Greening chega a 48,08%, com a menor taxa de crescimento dos últimos nove anos
01/09/2026
0 Comentários
Aumento da severidade, sobretudo nos pomares mais velhos, mantém o greening entre os principais desafios da citricultura; em agosto, média de captura de psilídeos por armadilha é a maior do ano e reforça o alerta para o controle do vetor
O levantamento anual da incidência das doenças dos citros, produzido pelo Fundecitrus, mostra que, em 2026, a doença atingiu 48,08% das laranjeiras do cinturão citrícola de São Paulo e do Triângulo/Sudoeste Mineiro. O índice representa um aumento de 0,9% em relação a 2025, quando a incidência foi de 47,63%. O aumento foi de apenas 0,45 ponto percentual, muito inferior aos 3,28 pontos registrados no ano anterior. É a menor taxa de evolução da doença nos últimos nove anos.
O resultado mantém a tendência de desaceleração observada nos últimos anos. Em 2024, a incidência havia aumentado 6,27 pontos percentuais, de 38,08% para 44,35%, enquanto, em 2025, a alta foi de 3,28 pontos. Em 2026, portanto, o crescimento foi reduzido para menos de meio ponto percentual.
ANÁLISE
De acordo com o levantamento, a desaceleração está associada a um conjunto de fatores. Entre eles estão a melhoria do controle do psilídeo em 2025, com 45% menos psilídeos capturados em relação a 2024, e as condições climáticas menos favoráveis à transmissão da bactéria do greening.
A estratégia de renovação do parque citrícola, com maior eliminação de plantas e pomares em regiões de maior incidência e aumento do plantio em áreas de menor risco, também contribuiu para esse cenário. No período 2025/26, 74% da área erradicada estava concentrada nas regiões mais afetadas pela doença, enquanto 45% do novo plantio ocorreu em regiões de menor risco. Ao todo, foram registrados 17.821 hectares de novos plantios e 12.504 hectares de erradicação no cinturão citrícola.
PLANTAS JOVENS
Outro indicativo positivo aparece na incidência entre as plantas mais jovens. Em laranjeiras de até dois anos, a proporção de plantas sintomáticas teve um pequeno aumento, de 2,72% em 2025 para 3,03% em 2026. Nas plantas de três a cinco anos, a incidência caiu de 39,18% para 29,50% no mesmo período. O levantamento relaciona esse comportamento à menor população de psilídeo, à eliminação de plantas doentes mais novas e ao plantio em áreas de menor risco.

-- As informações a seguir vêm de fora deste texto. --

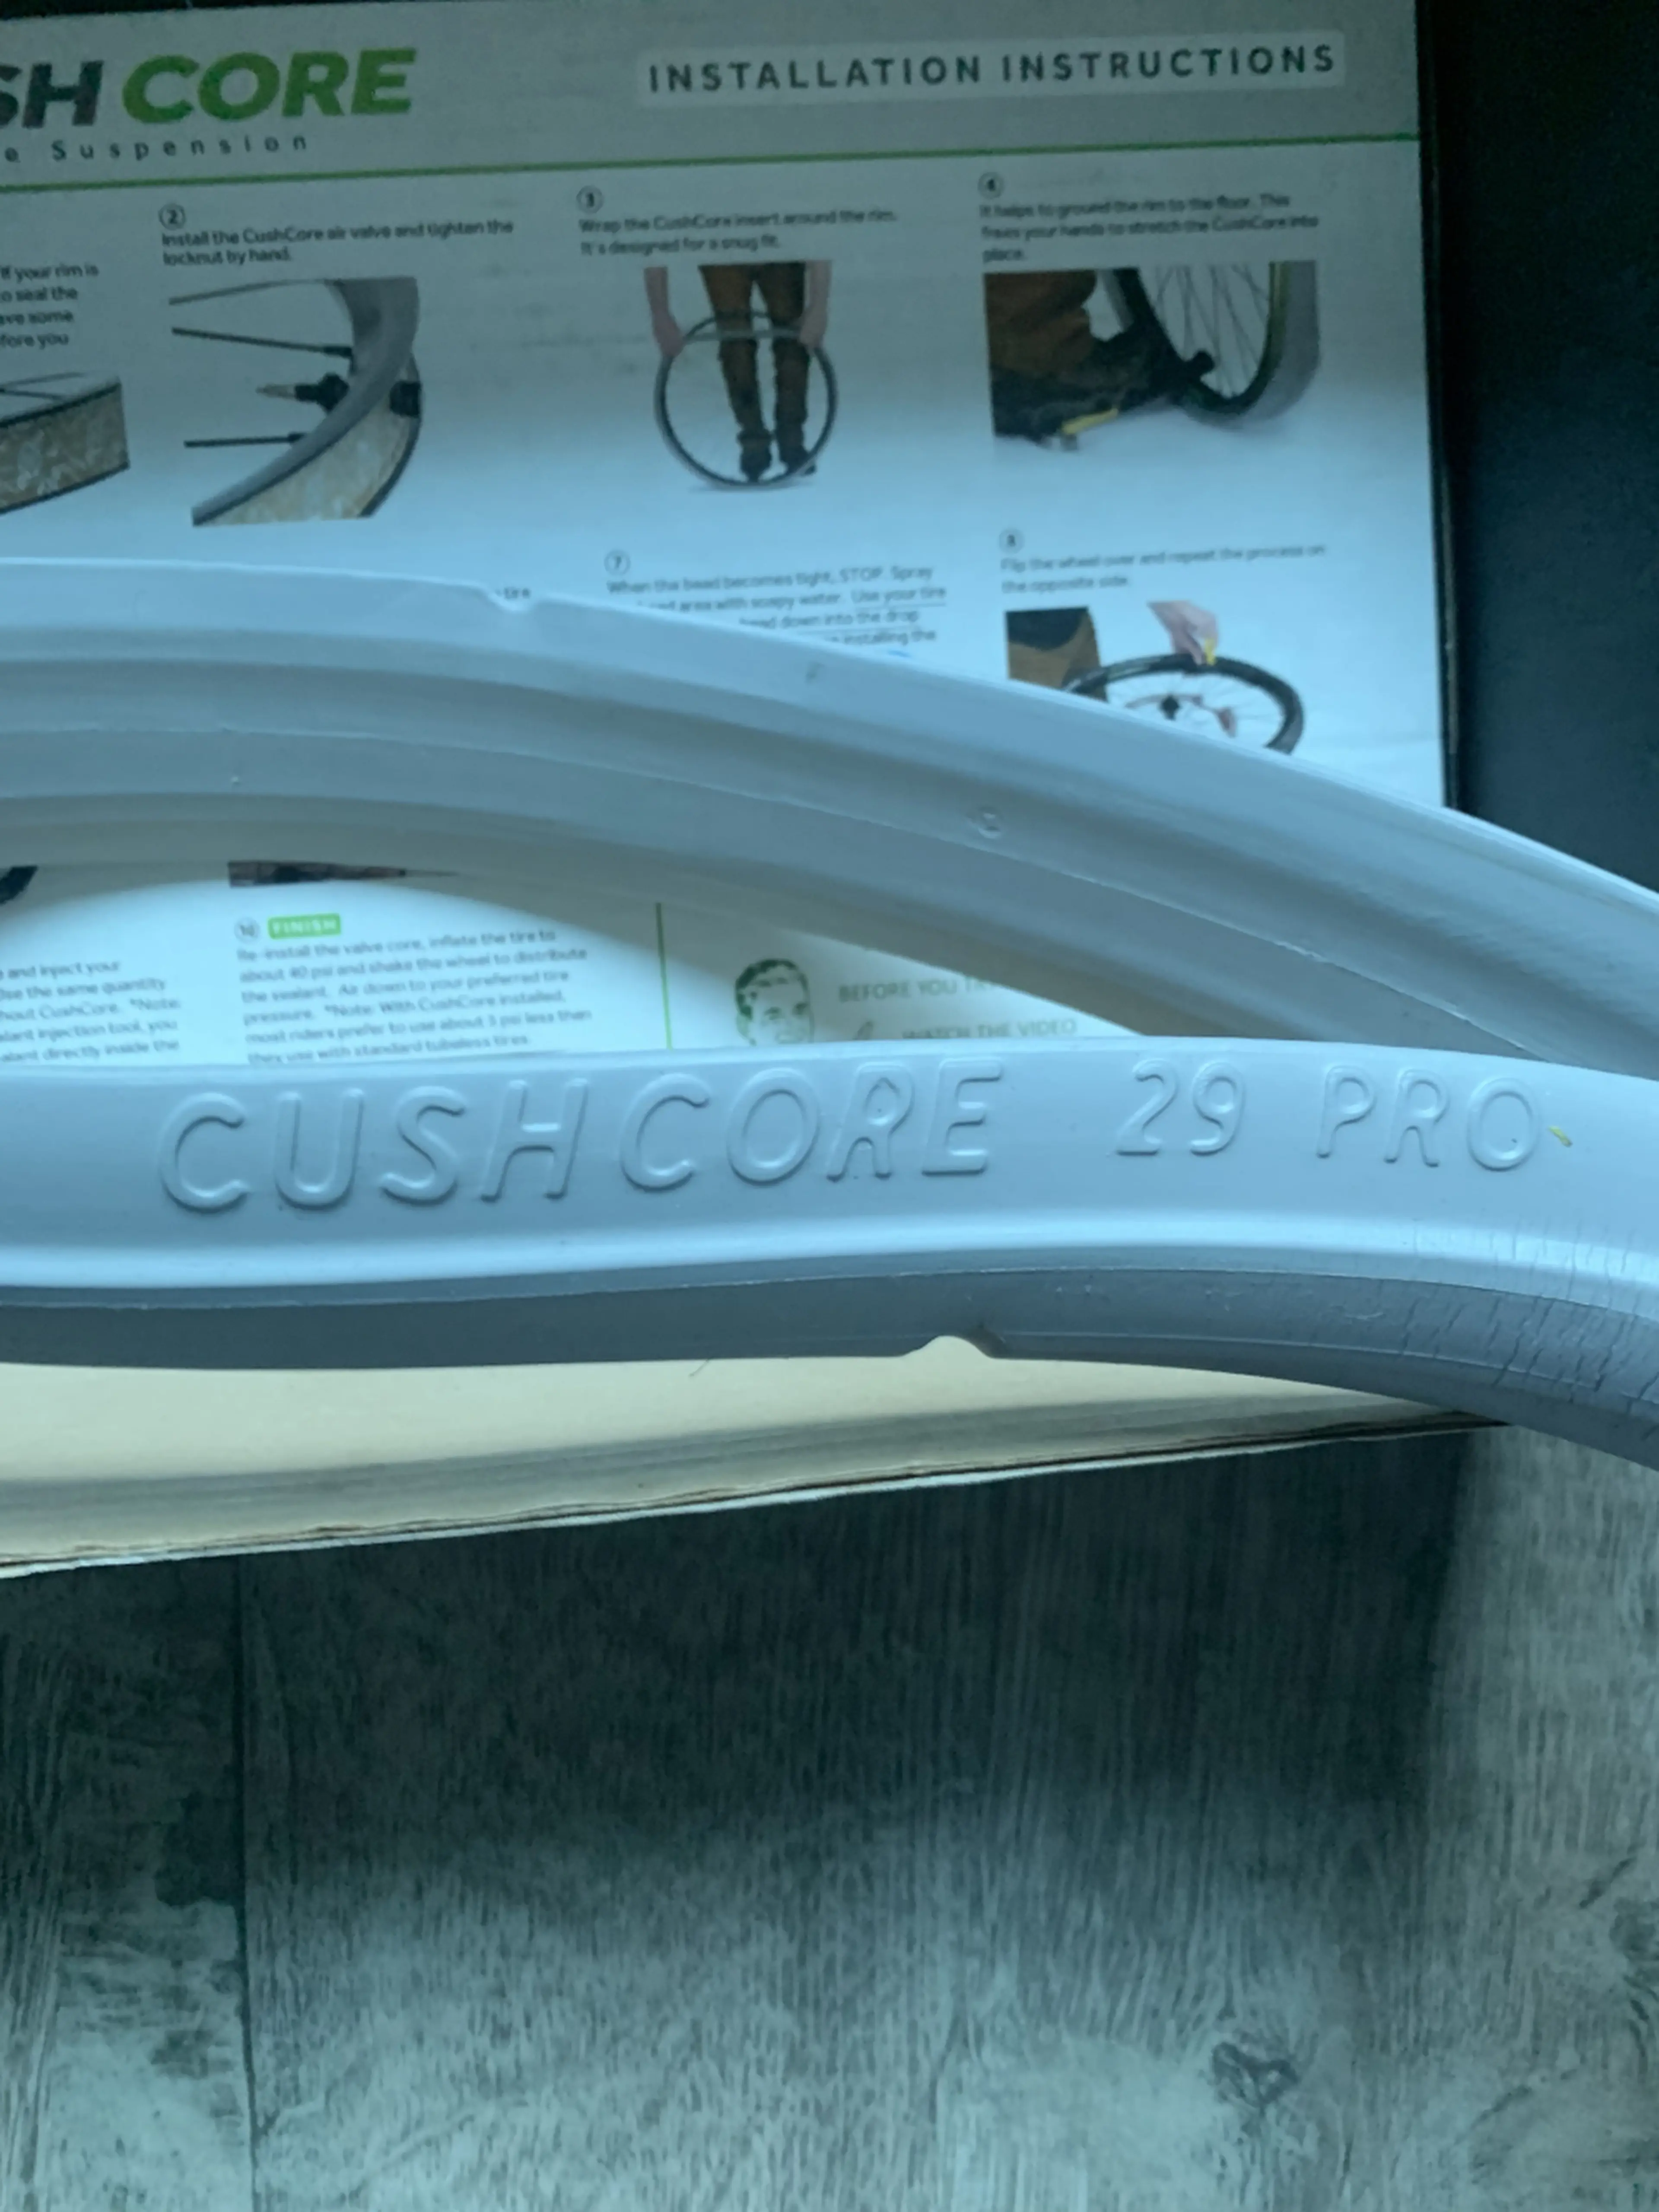 2. Cush Core 29 Pro

Já nos pomares mais velhos, acima de 10 anos, nos quais a eliminação de plantas sintomáticas pelo produtor é menor, a incidência aumentou de 58,43% em 2025 para 63,27% em 2026.
SEVERIDADE
Apesar da desaceleração da incidência, a severidade do greening continua aumentando nas plantas que permanecem no campo. A severidade média passou de 22,7% para 27,0%, considerando pomares de todas as idades, e de 25,9% para 31,0%, quando considerados apenas os pomares em produção.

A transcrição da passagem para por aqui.